The issue must be with/without the initial condition MOSART for these new compsets, otherwise we would have seen these differences in other tests. Something must be getting initialized differently on restart when the MOSART initial condition file isn't specified.
cc: @hydrotian
Moving this to draft until restart is fixed.
@hydrotian, please see above.
@jinyuntang I am sharing this message since @hydrotian has not yet replied. On Tuesday, September 23rd, in the Land group meeting, @hydrotian mentioned that he does not check the GitHub notifications as they are sent to his personal email. He noted that he was going to update his email address for GitHub, but since he has not yet replied, I wonder if he is still not getting the notifications. Out of caution, I would suggest that @jinyuntang please send him an email reminder as well.
@evasinha I did send a copy through the email, in a thread @bishtgautam initiated after the land group meeting. So hopefully, @hydrotian is looking into this.
@jinyuntang and @evasinha Thanks for the reminder. I'm looking into this issue.
@jinyuntang Are all the tests successfully passed with MOSART restart file provided? If not, which test should I look into?

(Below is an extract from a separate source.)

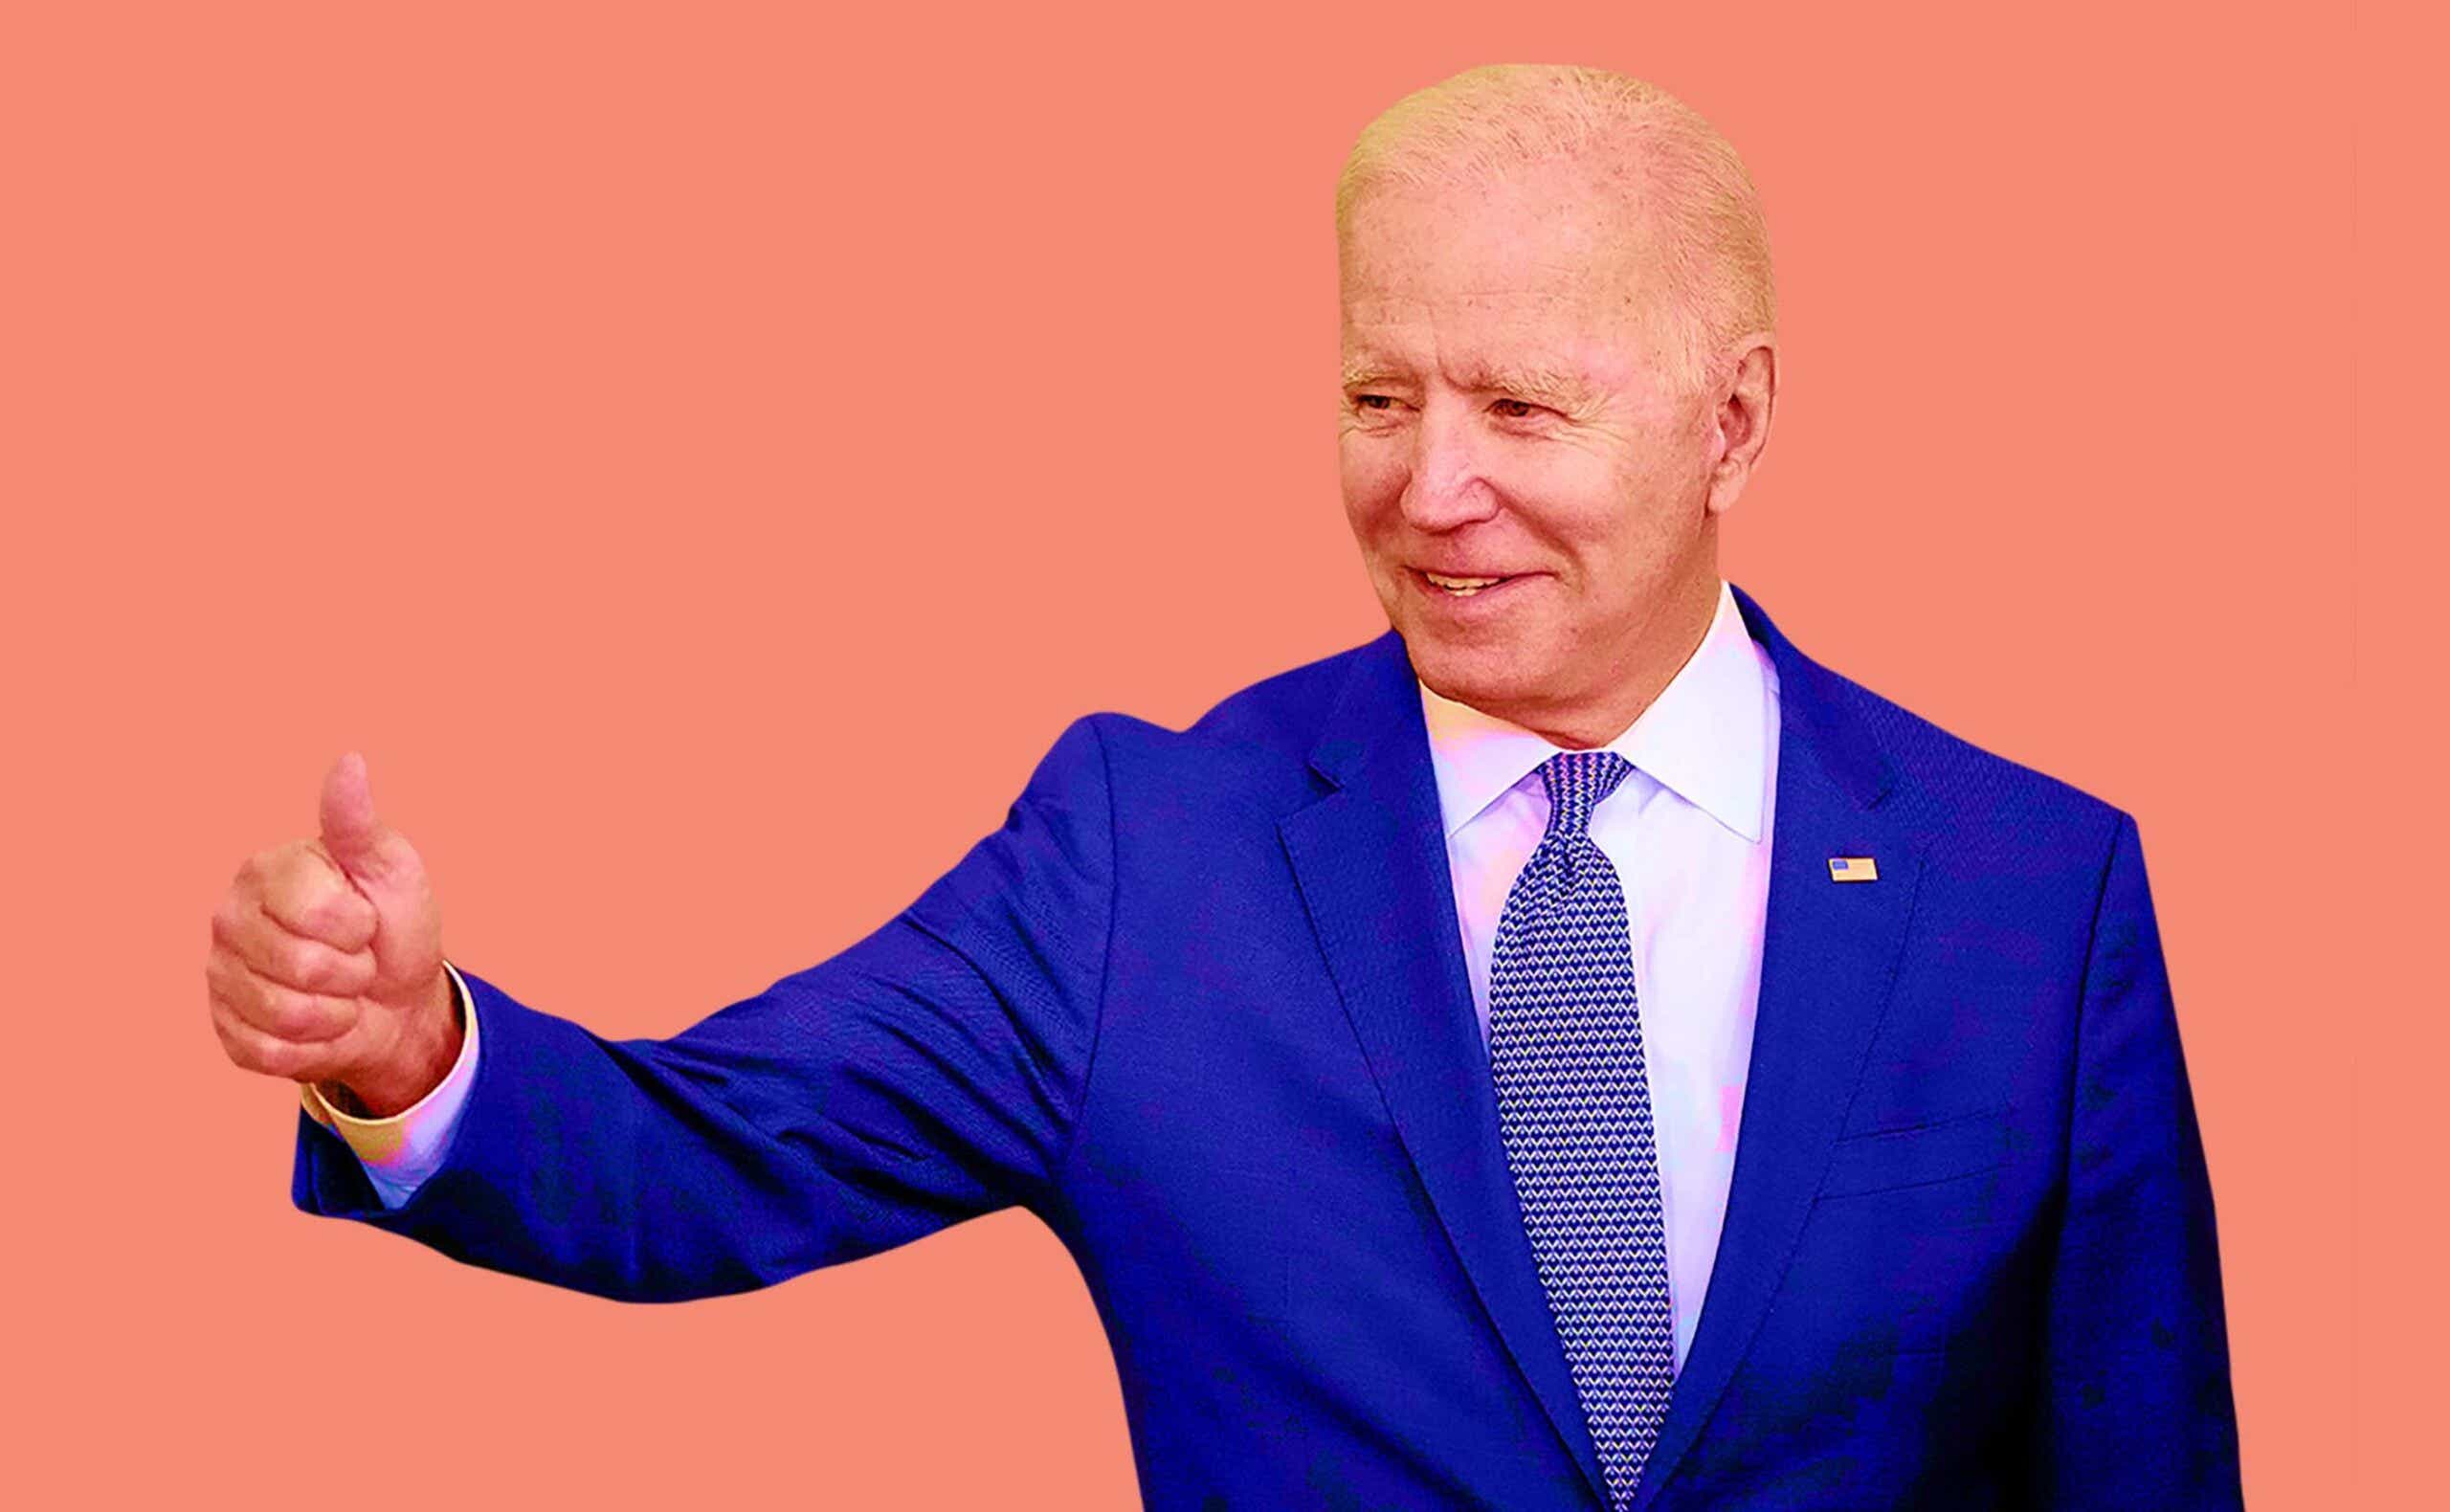 Joe Biden giving the thumbs up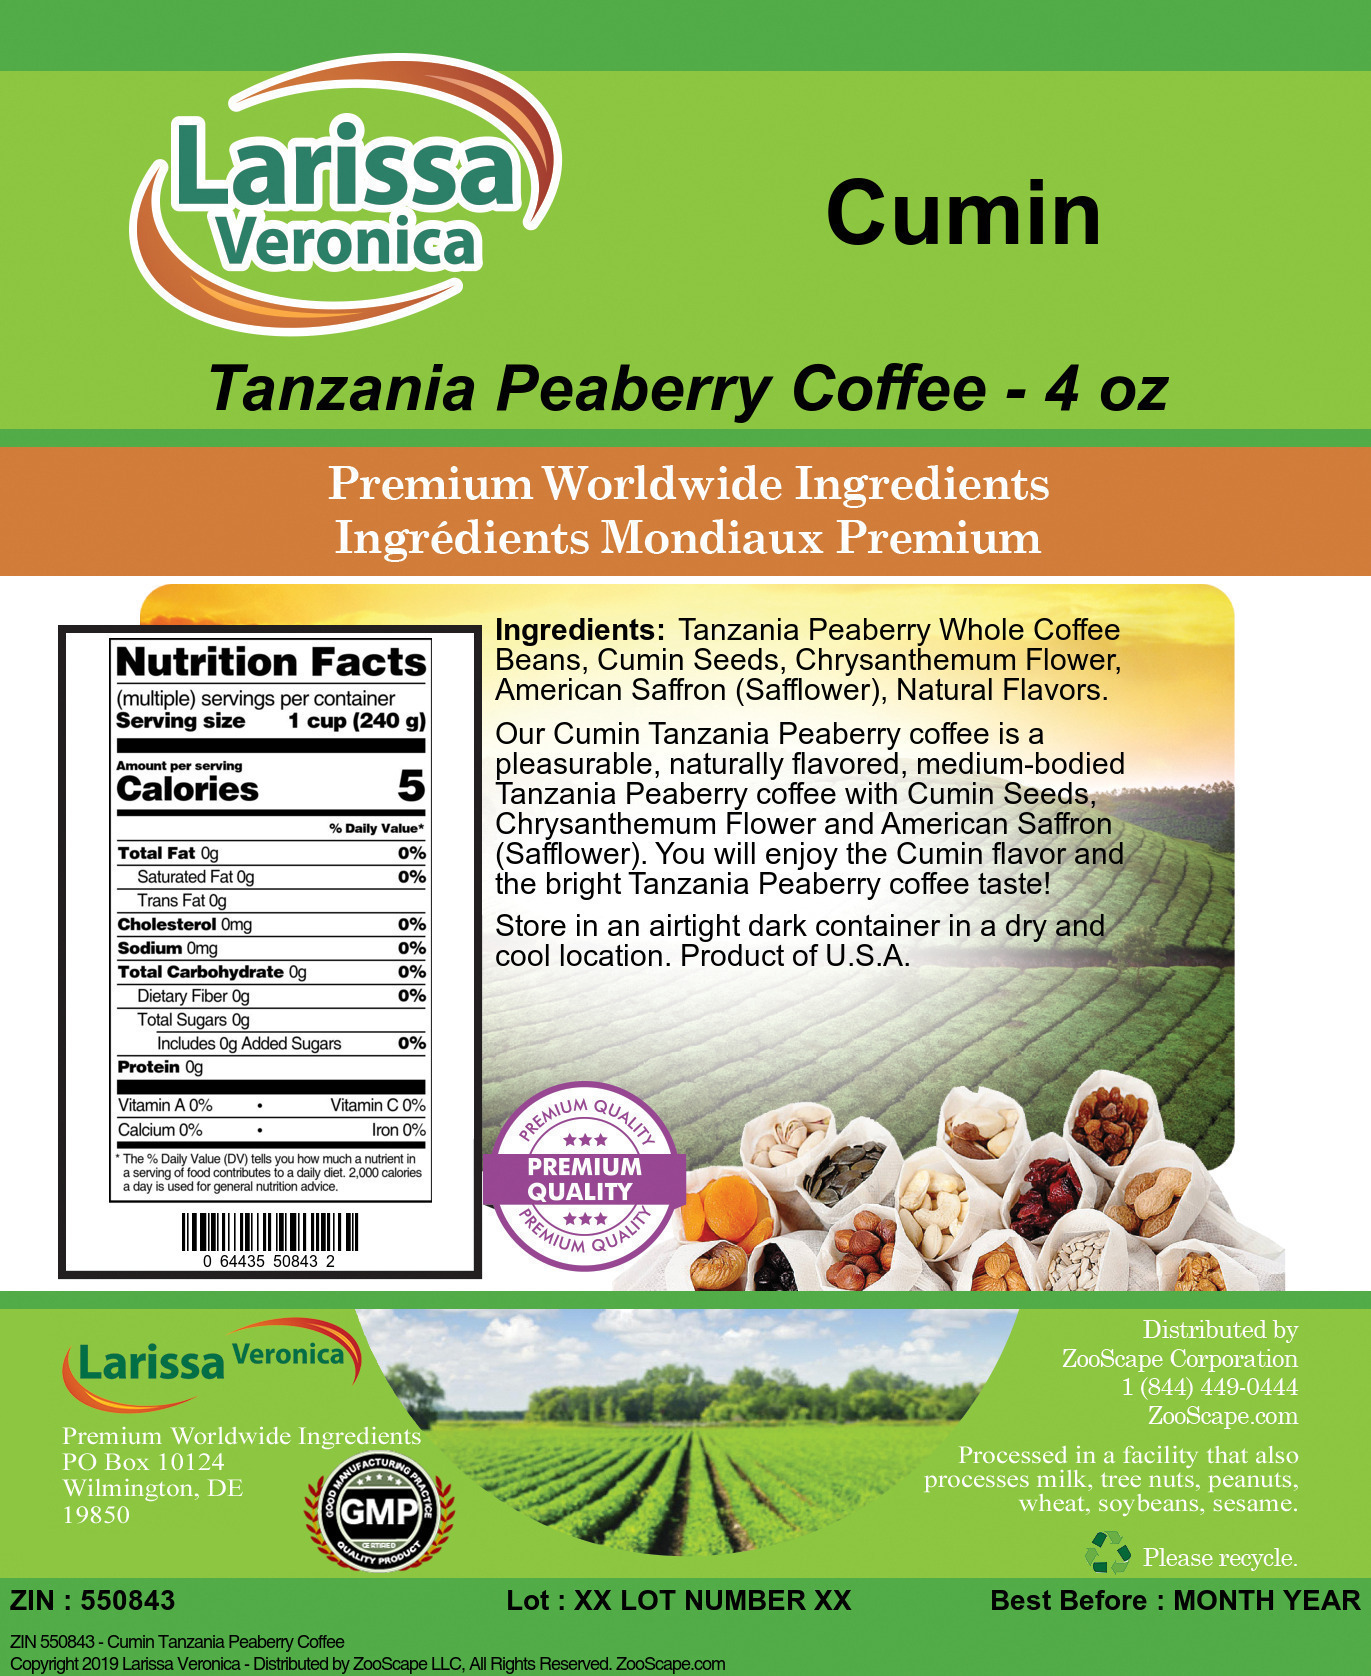 Cumin Tanzania Peaberry Coffee - Label

To respond to @peterdschwartz 's earlier comment about the MOSART restart file. The Trunoff%wt and Trunoff%wr terms are saved as RTM_WT_LIQ and RTM_WR_LIQ in the restart file. And from here the two terms is read into rtmCTL%wt and rtmCTL%wr, then pass to Trunoff from here.